Model Card for Model ID

license: mit datasets: - dpavlis/ctl_lora_sft_data base_model: - Qwen/Qwen2.5-Coder-7B-Instruct

dpavlis/Qwen2.5-Coder-7B-Instruct-CTL

A LoRA fine-tuned version of Qwen2.5-Coder-7B-Instruct specialised in CTL2 (Clover Transformation Language 2) — the domain-specific language used for data transformations in CloverDX ETL pipelines.

Model Details

Model Description

This model assists developers writing CTL2 transformation code inside CloverDX. It can generate correct CTL2 expressions and transformation logic, explain built-in functions, help with component binding patterns, and answer questions about the language. It is not intended as a general-purpose coding assistant.

Developed by: David Pavlis (dpavlis)
Model type: Causal LM, LoRA adapter over Qwen2.5-Coder-7B-Instruct
Language(s): English (instructions), CTL2 (generated code)
License: MIT
Finetuned from: Qwen/Qwen2.5-Coder-7B-Instruct

Model Sources

Repository: dpavlis/Qwen2.5-Coder-7B-Instruct-CTL
Training dataset: dpavlis/ctl_lora_sft_data

Uses

Direct Use

The model is designed to be used as a coding assistant for CloverDX CTL2 development. Typical use cases include:

Generating CTL2 transformation expressions from a natural language description
Implementing component binding logic (Reader, Writer, Joiner, Filter, Reformat, Aggregator)
Using built-in CTL2 functions correctly — string manipulation, date arithmetic, type conversion, map/list operations, JSON access, regex, hashing
Explaining what a given CTL2 expression or function does
Answering questions about CTL2 language features, null handling, and type system behaviour

Downstream Use

The model can be integrated into CloverDX developer tooling, IDE plugins, or internal chat assistants to provide context-aware CTL2 code suggestions and explanations.

Out-of-Scope Use

General-purpose code generation in Python, Java, SQL or other languages
ETL graph design or multi-component orchestration reasoning
Tasks unrelated to CTL2 or CloverDX transformations
Production use without human review of generated code

Bias, Risks, and Limitations

The model is heavily biased toward CTL2 code generation.
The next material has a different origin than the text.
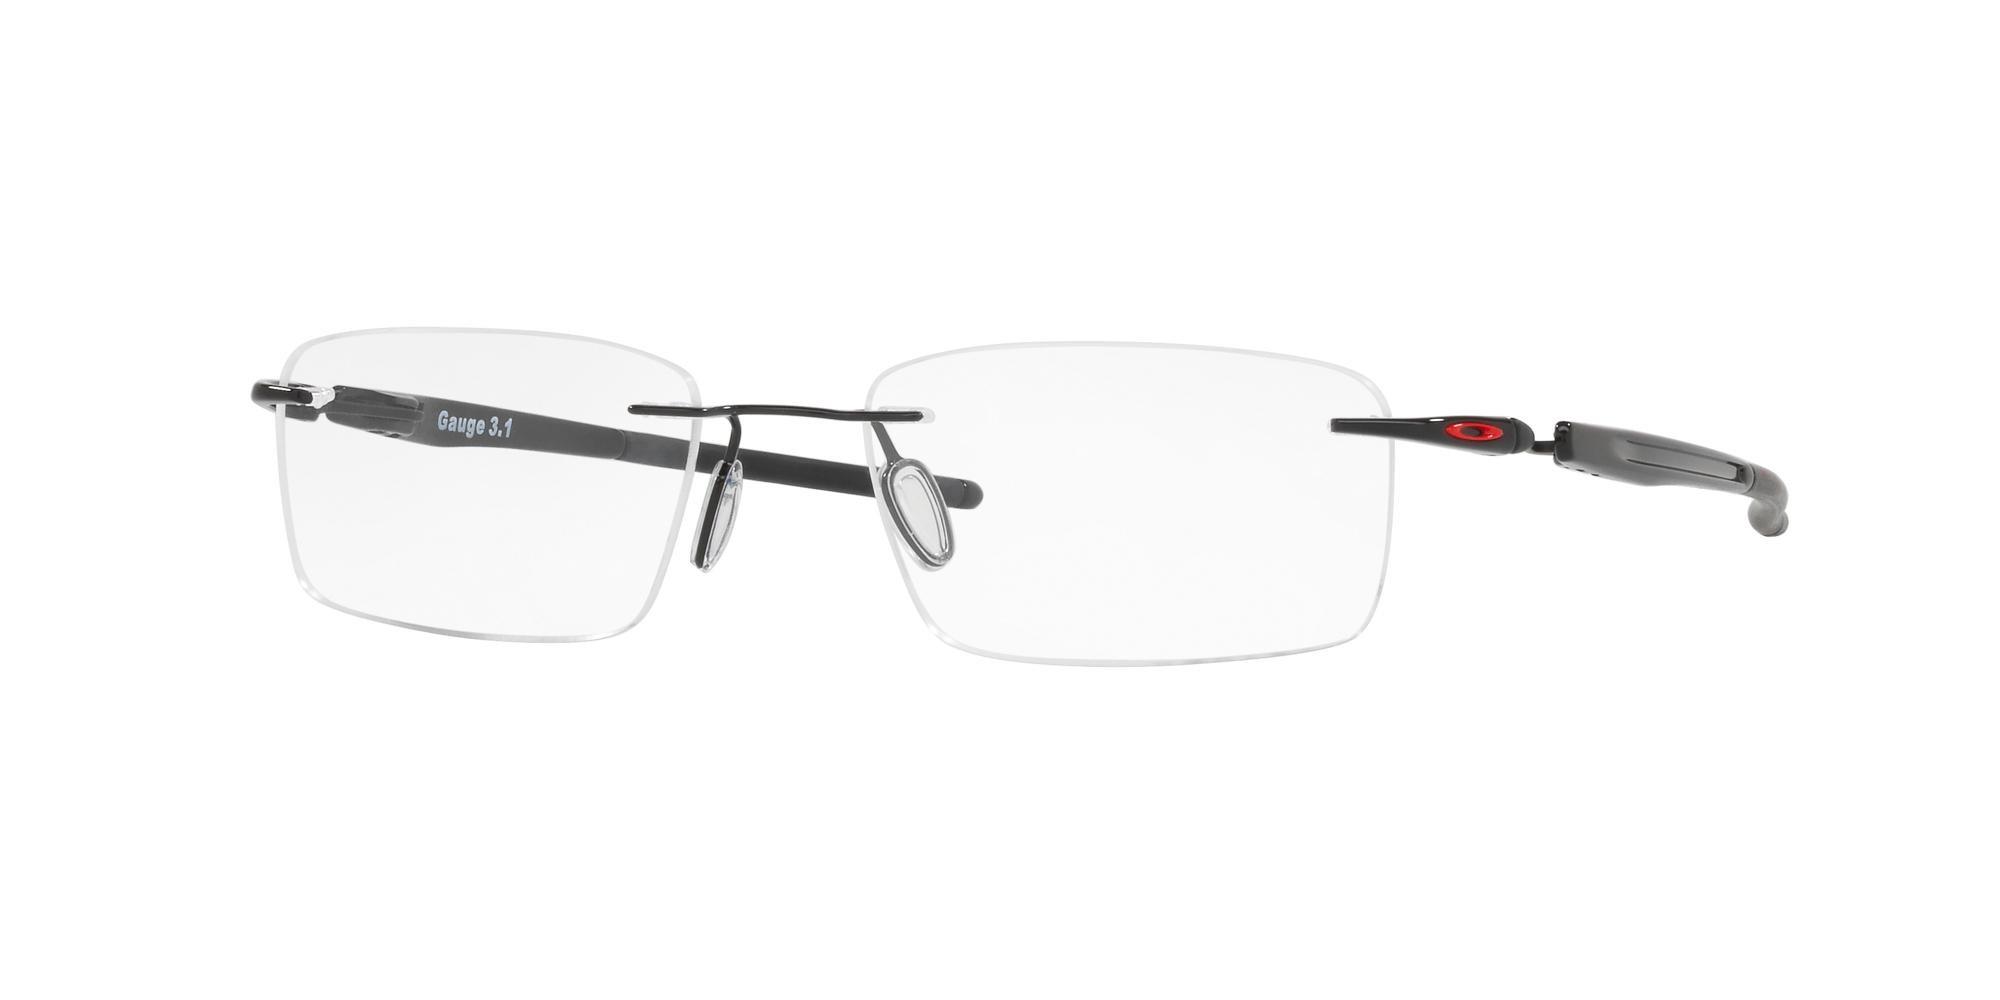 Oakley eyeglasses GAUGE 3.1 OX 5126

It may default to producing a code block even for questions that warrant a prose explanation.
Coverage of rarely used built-in functions may be uneven despite targeted augmentation efforts.
The model does not have access to runtime data or live CloverDX metadata — it cannot inspect actual graph configurations or metadata at inference time.
All generated CTL2 code should be reviewed before use in production transformations.

Recommendations

Always validate generated CTL2 expressions against your actual field types and metadata. The model does not know your specific graph schema unless it is provided in the prompt.

How to Get Started with the Model

from transformers import AutoModelForCausalLM, AutoTokenizer
from peft import PeftModel

base_model_id = "Qwen/Qwen2.5-Coder-7B-Instruct"
adapter_id    = "dpavlis/Qwen2.5-Coder-7B-Instruct-CTL"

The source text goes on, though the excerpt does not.